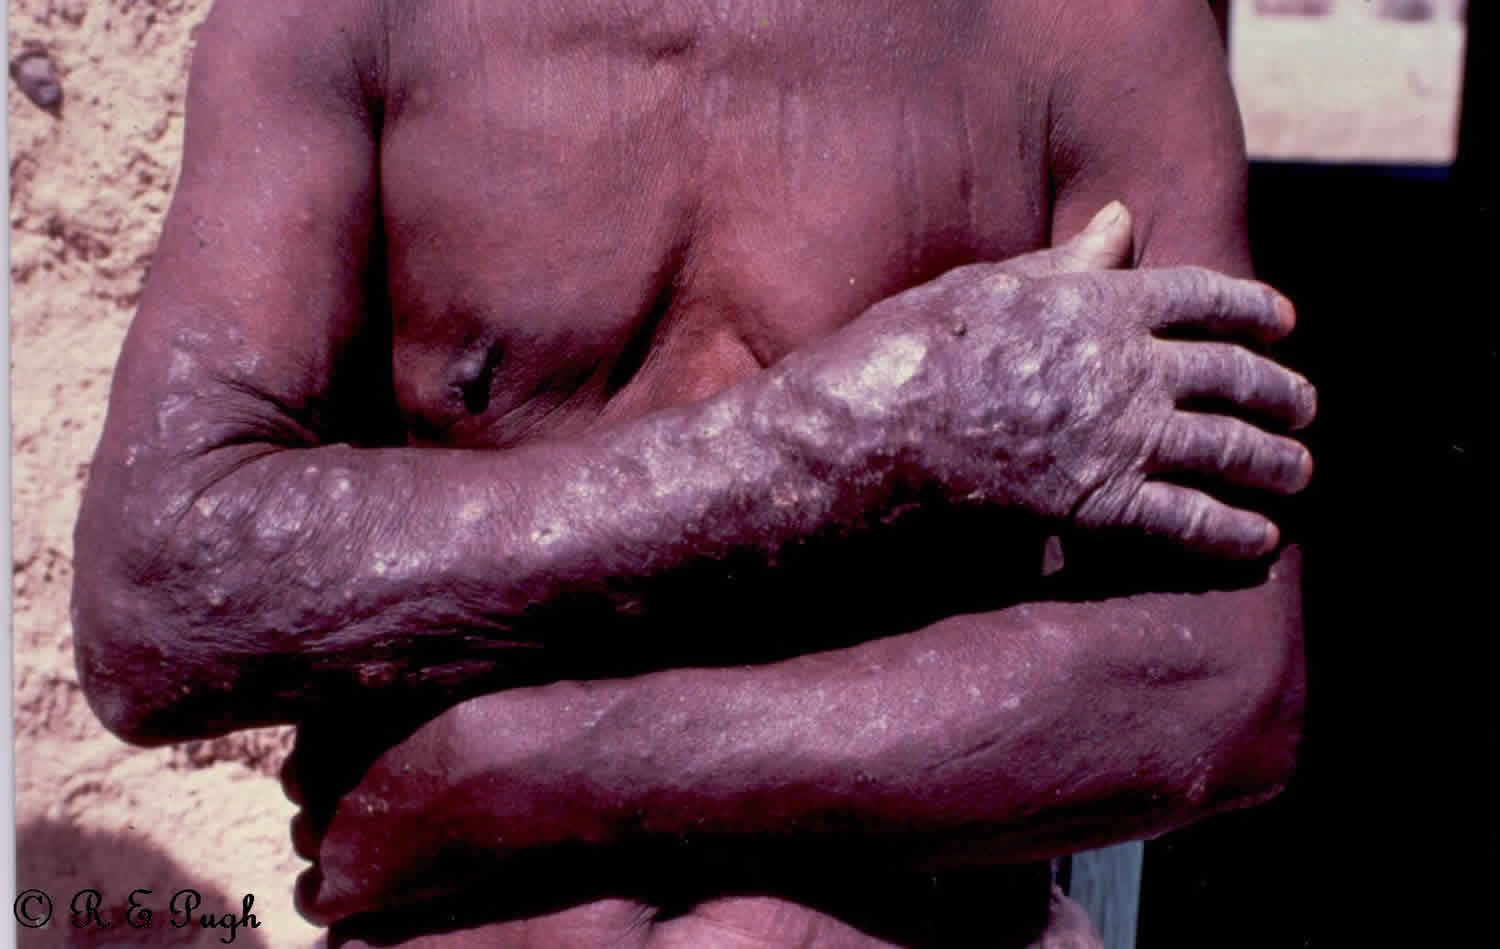 Skin nodules of onchocerciasis patient
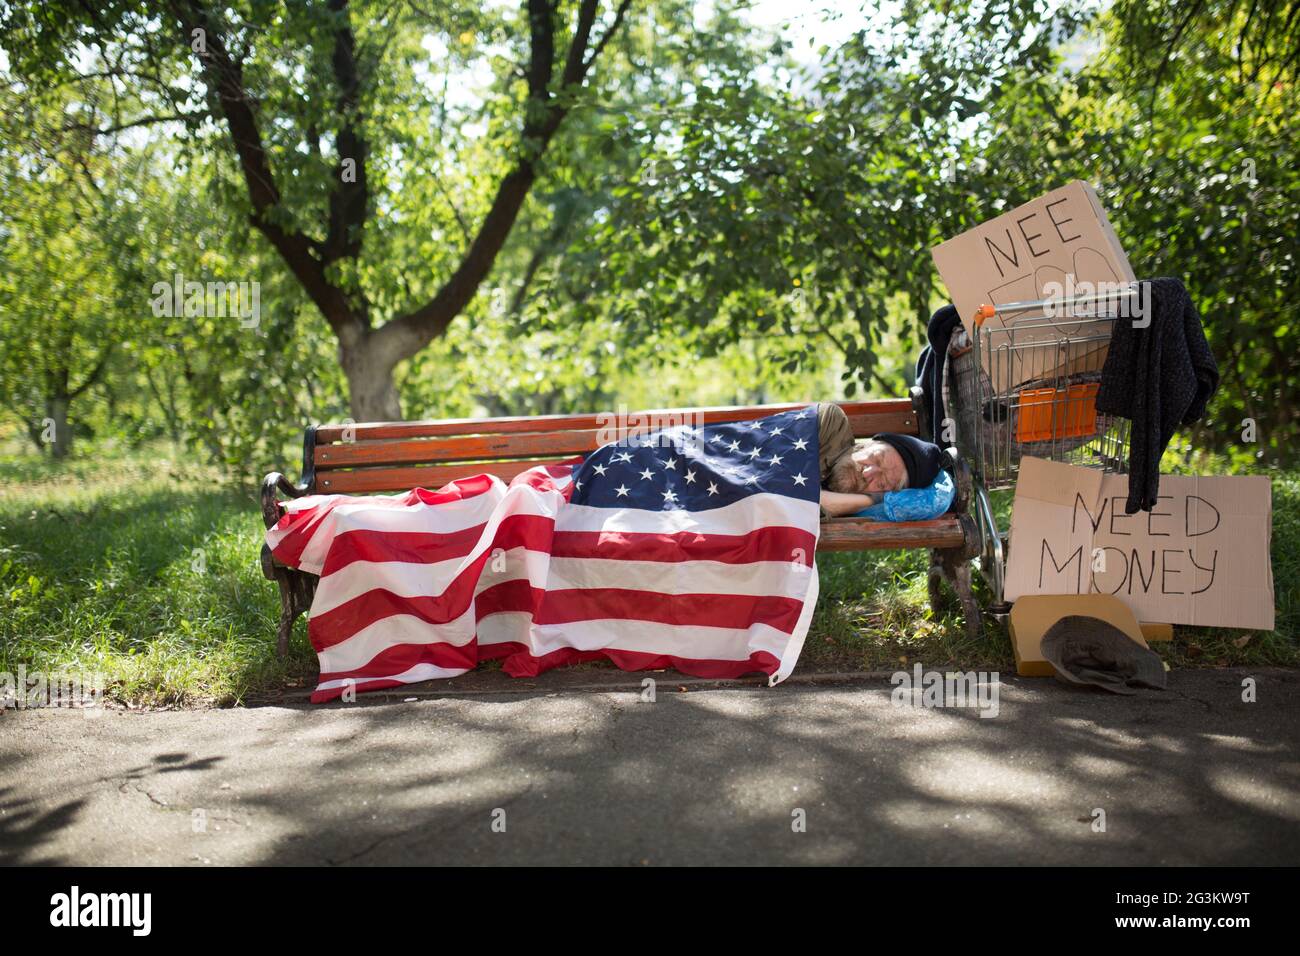 view-of-a-homeless-man-lying-on-bench-covered-with-usa-flag-2G3KW9T.jpg
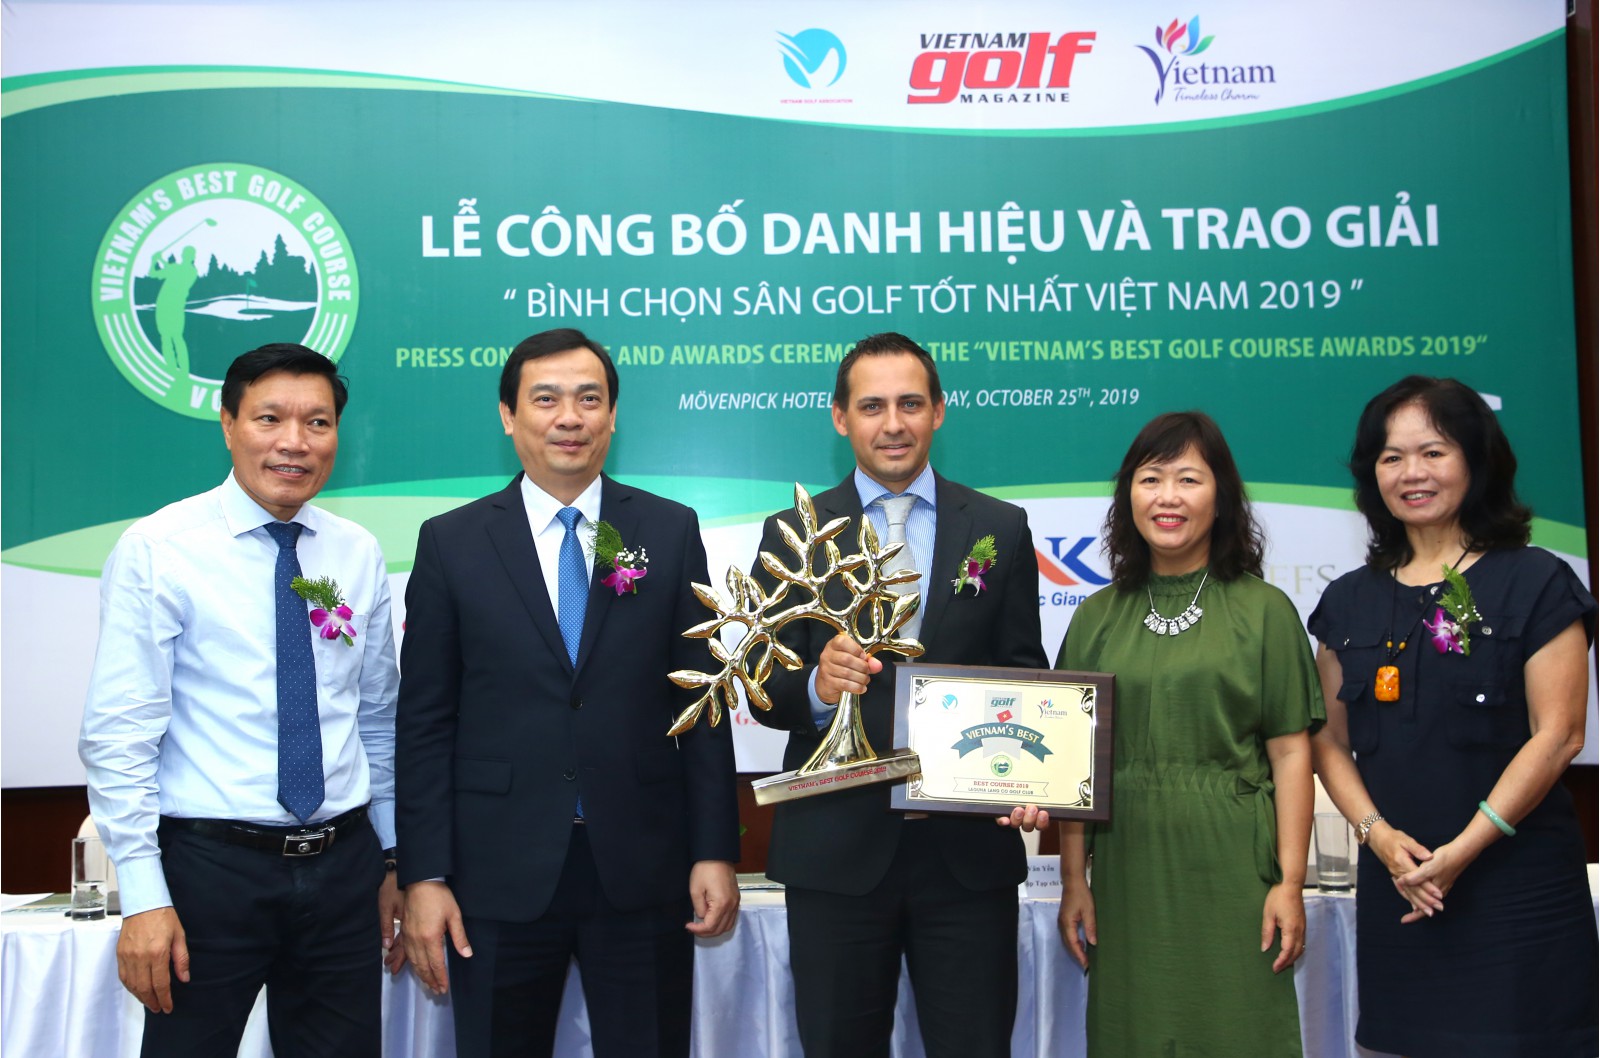 The Organisation Board gave Certificate to Laguna Lang Co Golf Club, the winner of the title "Vietnam's Best Course 2019"

————

▶ [Work request]
Transcribe the material above word for word; images do not belong in the copy.

▶ [Reply to the task]
 Skin nodules of onchocerciasis patient
 view-of-a-homeless-man-lying-on-bench-covered-with-usa-flag-2G3KW9T.jpg
 The Organisation Board gave Certificate to Laguna Lang Co Golf Club, the winner of the title "Vietnam's Best Course 2019"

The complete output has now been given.